==== Data records ====
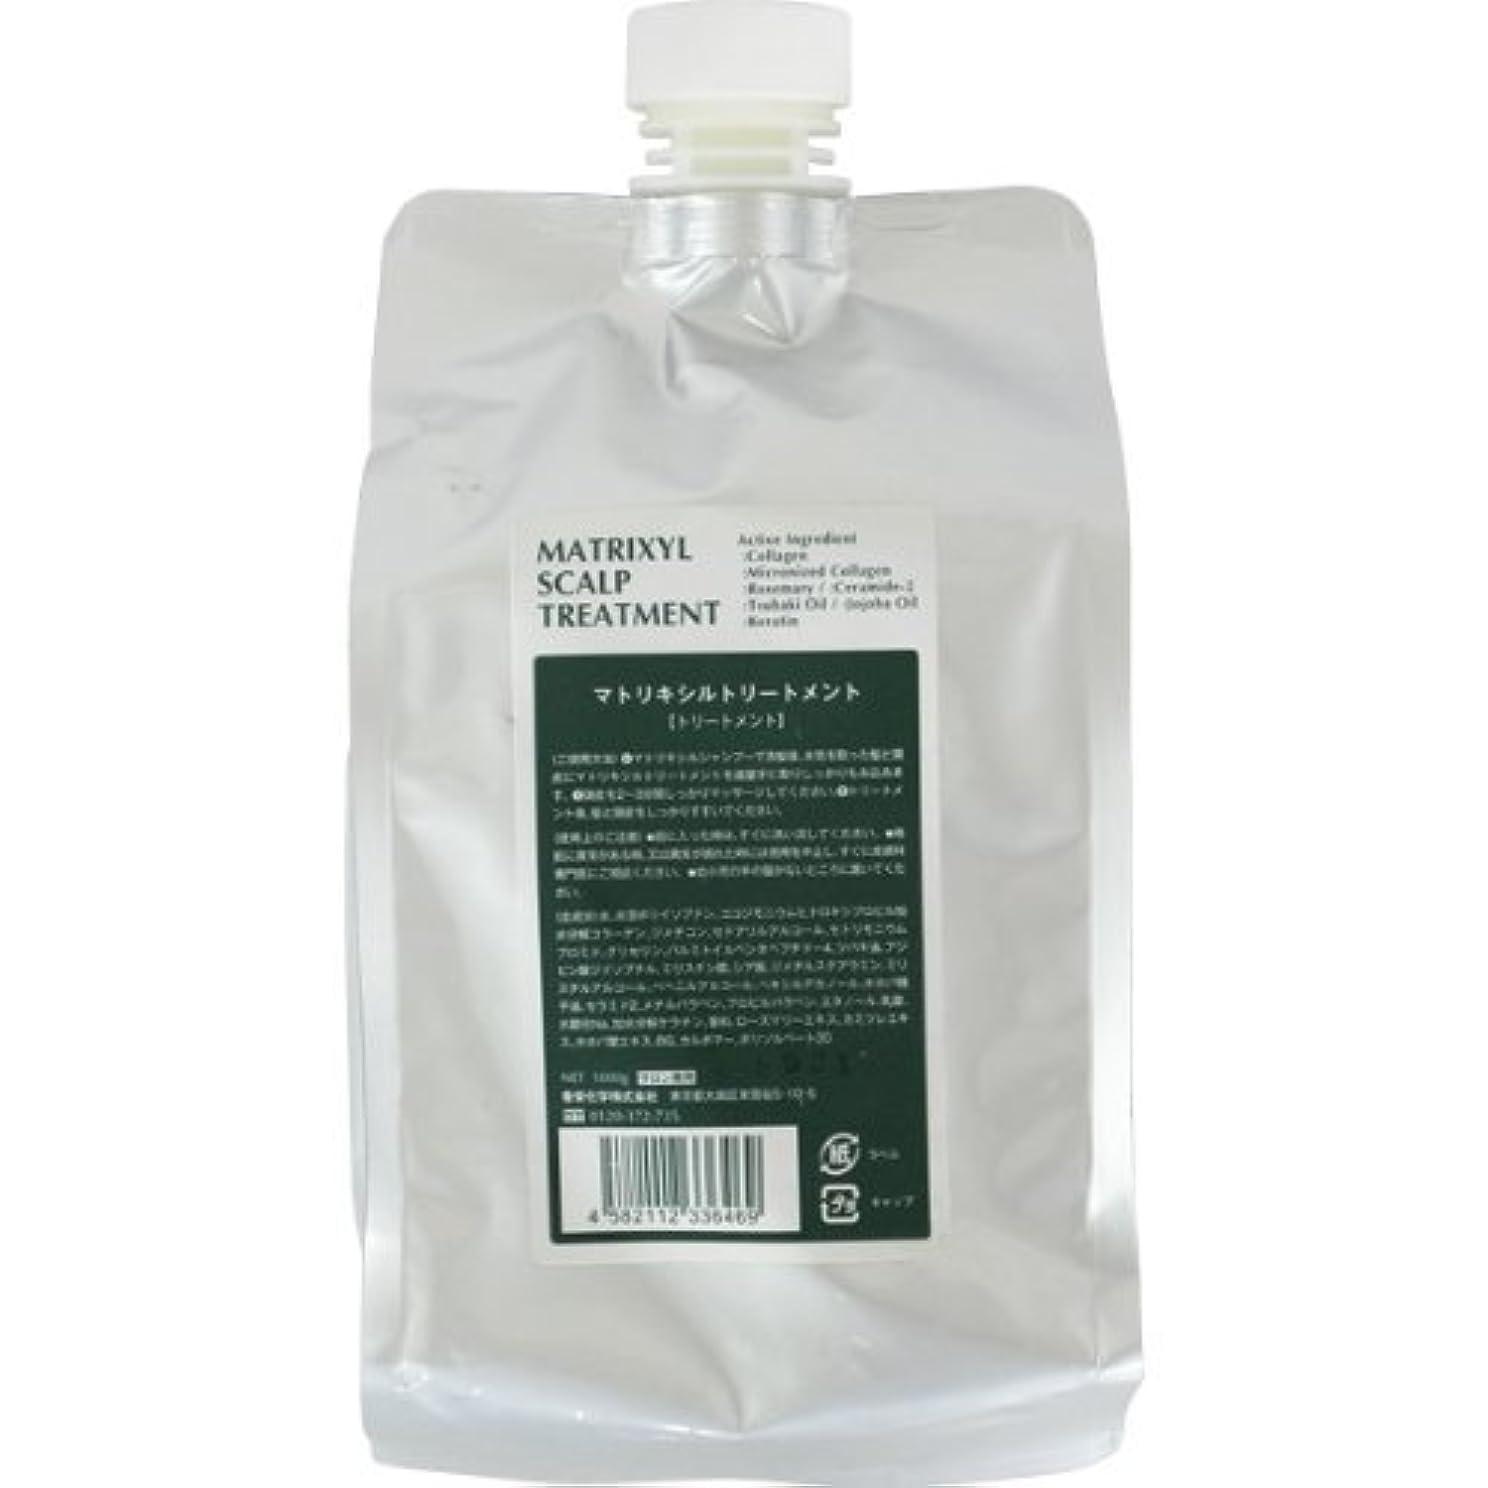 ファセットお気に入り見分ける香栄化学 マトリキシル スキャルプトリートメント レフィル 1000g
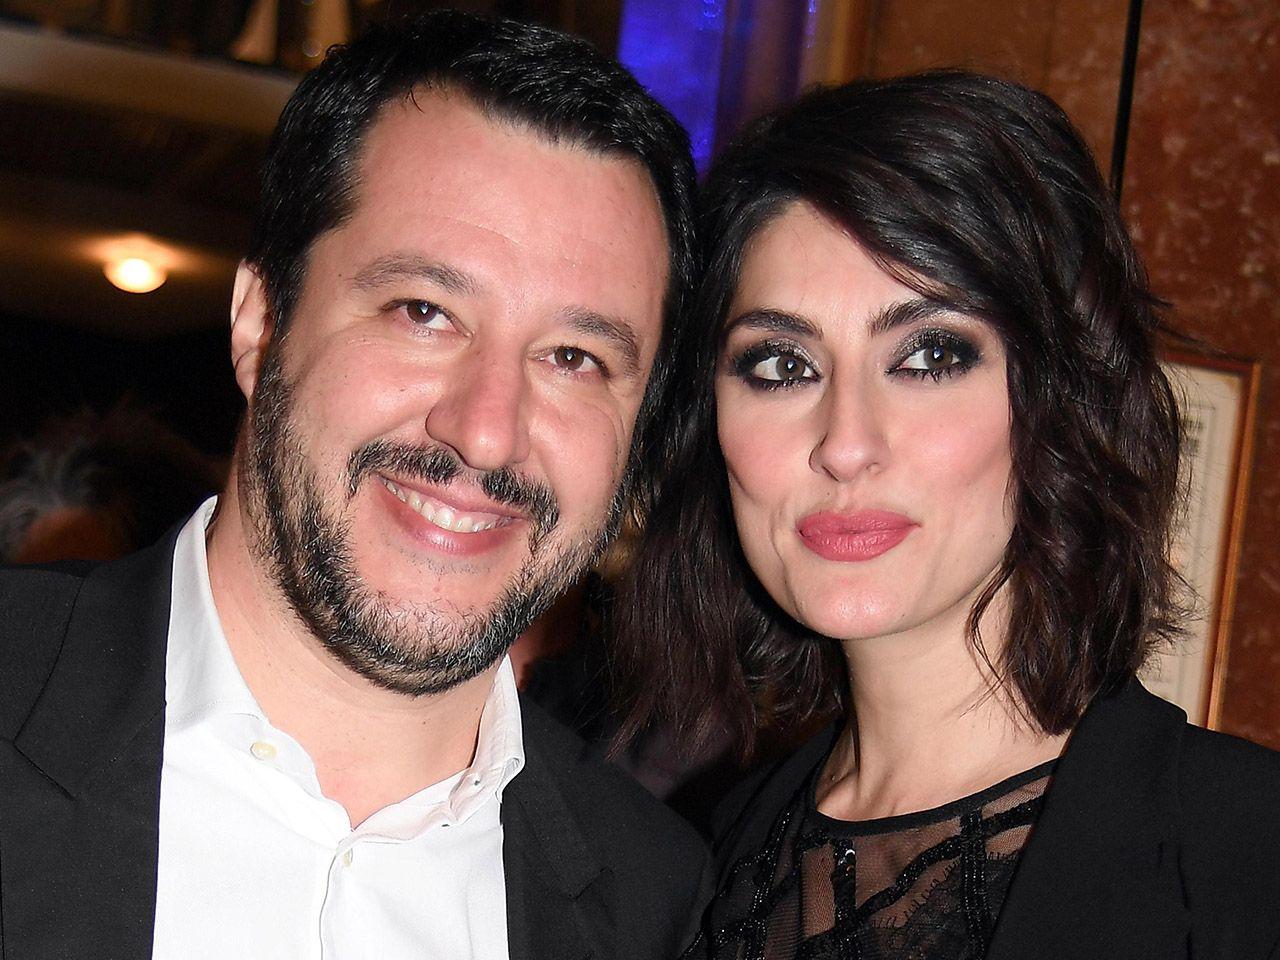 Elisa Isoardi e Matteo Salvini si sono lasciati: annuncio social della conduttrice
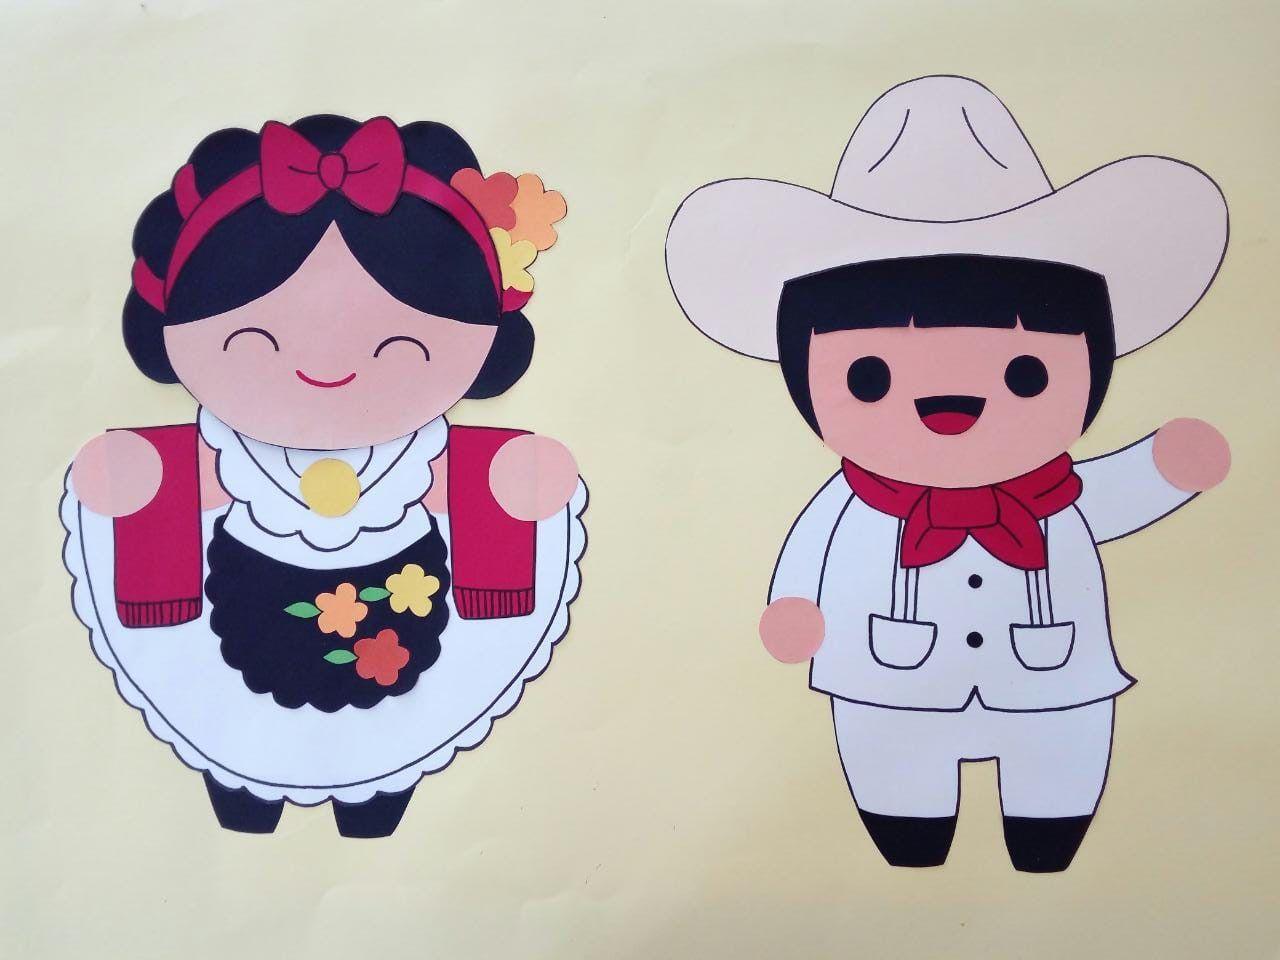 Jarochos Mexicolindo Dibujo Trajes Panchito Eli Veracruz Jarochos Titeres De Guante Dibujos Mexicanos Munecas Mexicanas
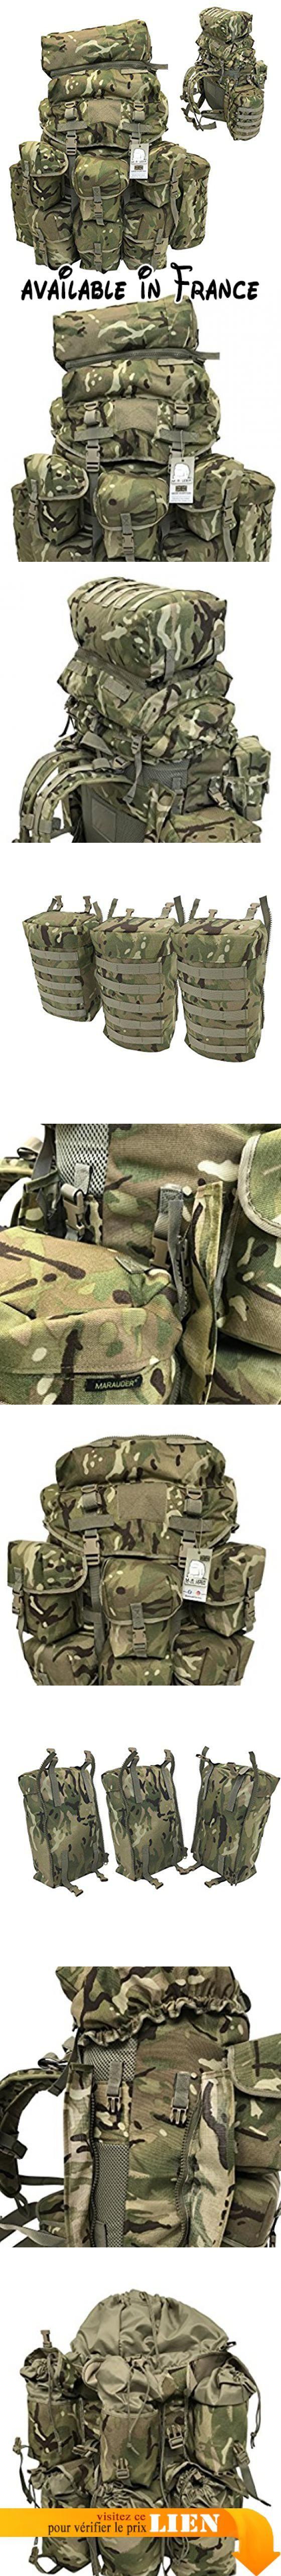 Épinglé sur Sacs et sacs à dos (france)
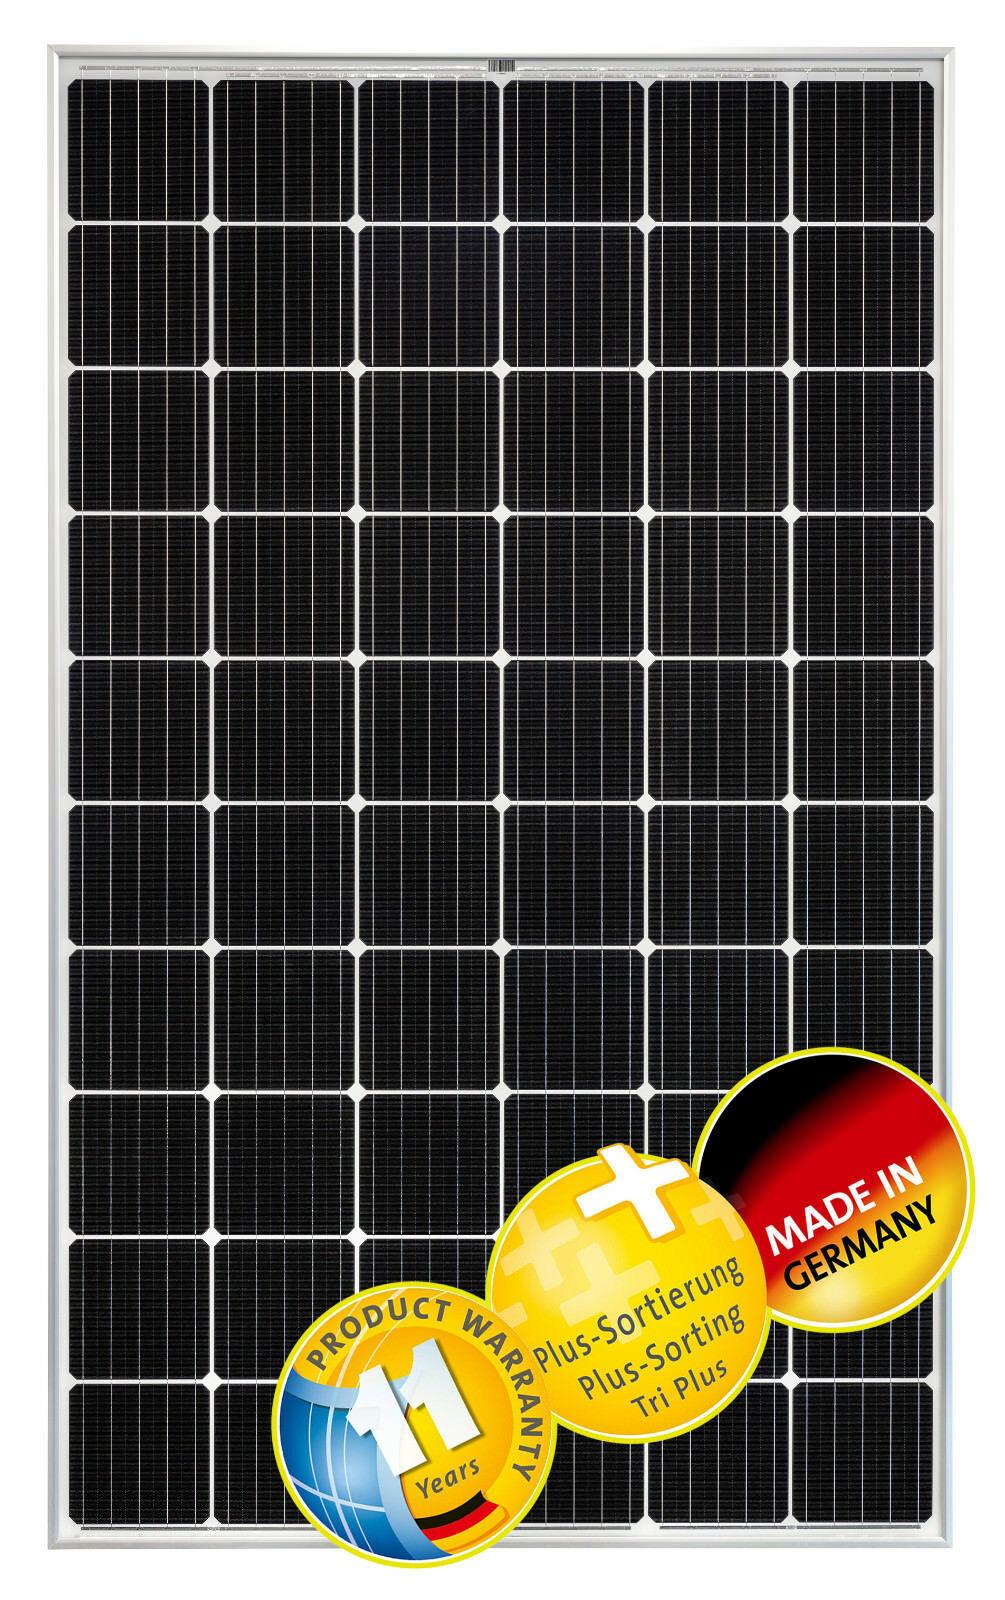 325W SOLARPANEL SOLARMODUL PHOTOVOLTAIK MODUL SOLARZELLE MONOKRISTALLIN SOLAR
====
Task to complete :: All lines from the one containing "Épinglé sur Sacs et sacs à dos (france)" through the final line of the records are to be retyped exactly; no other lines and no pictures are to be included.

Written response ::
 Épinglé sur Sacs et sacs à dos (france)
 325W SOLARPANEL SOLARMODUL PHOTOVOLTAIK MODUL SOLARZELLE MONOKRISTALLIN SOLAR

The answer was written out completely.